What the Tories grammar school plans mean for local government

In the past few months, we’ve seen Theresa May and her Tory colleagues talking seriously about taking the backward step to reintroduce the grammar school system. Labour understands that grammar schools widen the divide between children from disadvantaged backgrounds and those from more privileged ones and have no place in a society where every child gets the best start in life.

It’s an absolute disgrace that the Tory Government are proposing to categorise children from the age of eleven by way of a test that can easily be abused by those with the cash to do so. This dangerous strategy is underpinned by the Government’s wrongly held view that selective schools are best placed to support underperforming schools.

We know that grammar schools are over representative of advantaged pupils from families with the skills and educational background to support them. Will these grammar schools really be able to improve schools with a greater mix of disadvantaged, lower achieving pupils and the associated problems of child poverty? I don’t believe they will but luckily we know that local government has a proven track record when it comes to school improvement.

Recent data gathered by the Local Government Association has shown that local authorities have more success in raising school standards than academies or free schools. The LGA say that almost nine out of ten council-run primary and secondary schools are rated as Good or Outstanding, which is a higher number than among academies and free schools.

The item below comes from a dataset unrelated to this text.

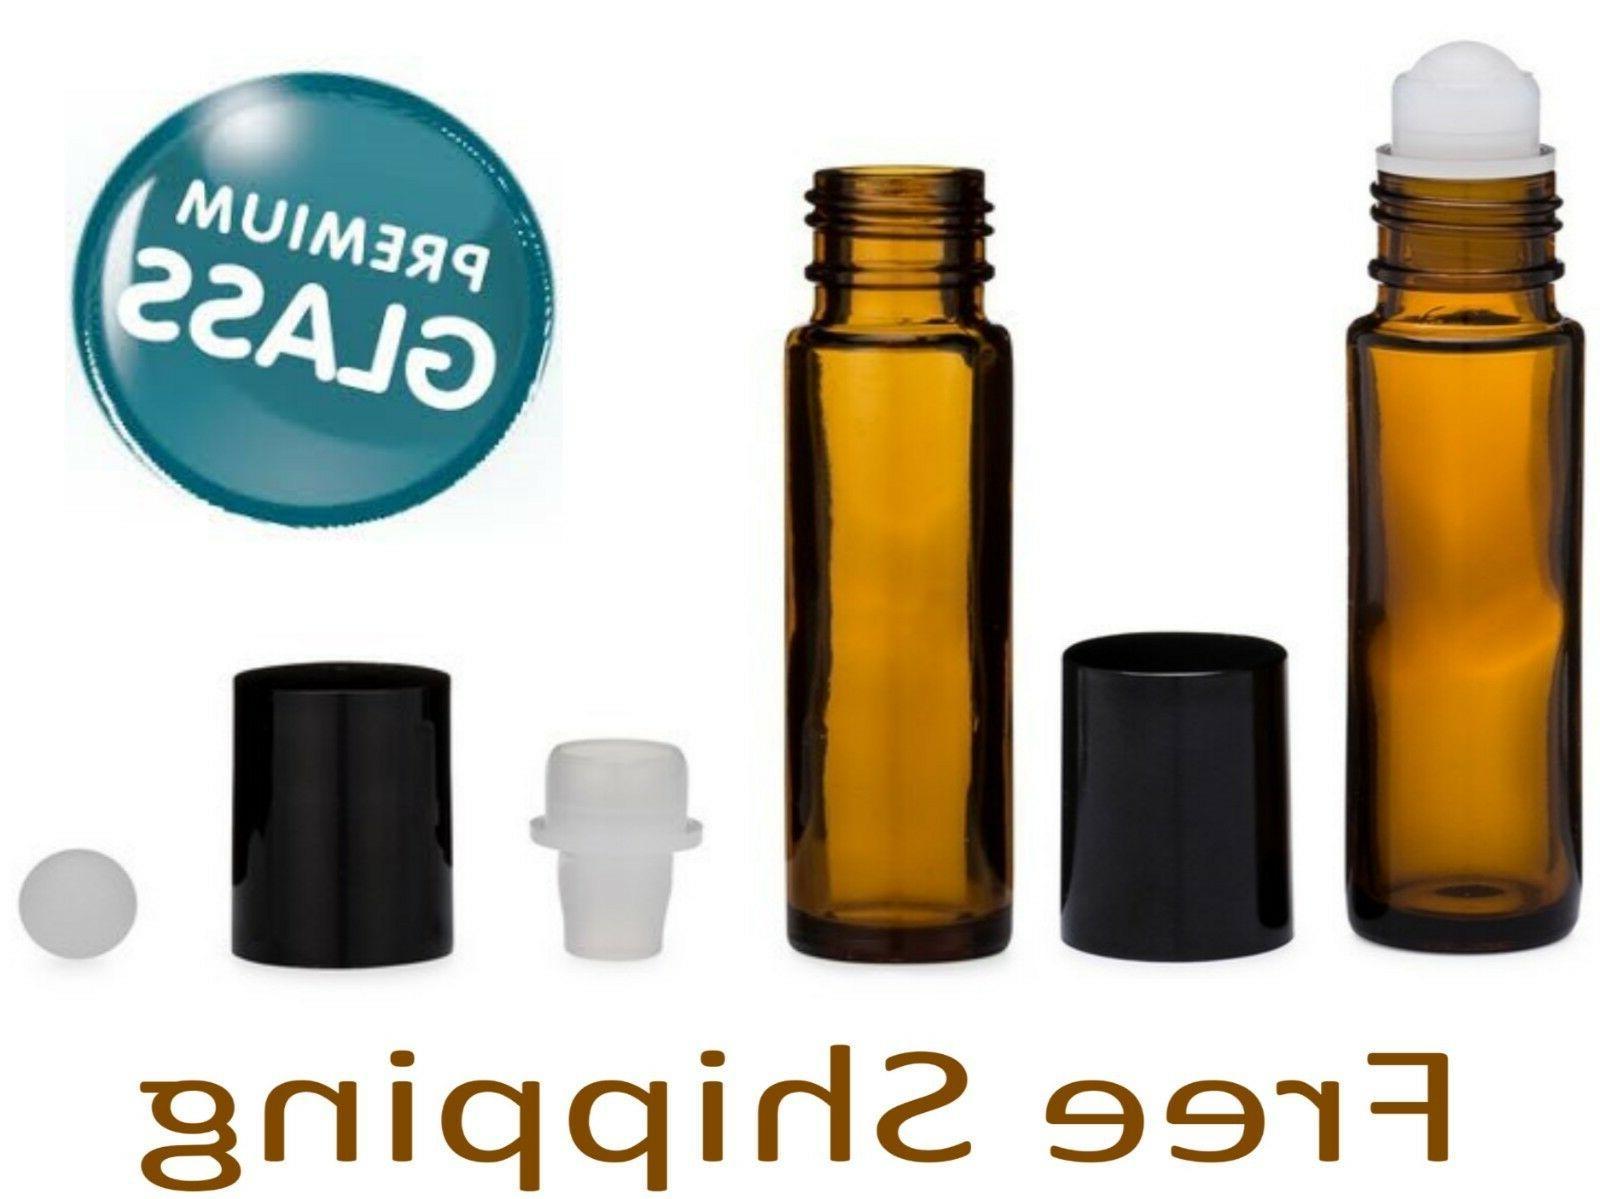 Essential Oil Amber Glass Roll on Roller Bottles 10ml Empty

Richard Watts, the Chair of the LGAs Children and Young People’s Board, has said that local authorities have continued to prove their effectiveness in raising school standards using their relationship with schools and their in-depth knowledge of their local areas. He has gone on to question the ability of unaccountable Regional School Commissioners to turn around underperforming schools across large geographic areas they know nothing about. I would also seriously question their ability to turn around schools with a pupil make-up of which they have virtually no experience dealing with and very little desire to gain any. and have demonstrated very little desire to gain any understanding.

Social segregation is not the answer to educational improvement, the answer is real investment and real support through local authorities who know their schools, know their areas and have the experience of delivering the best possible outcomes for pupils and teachers.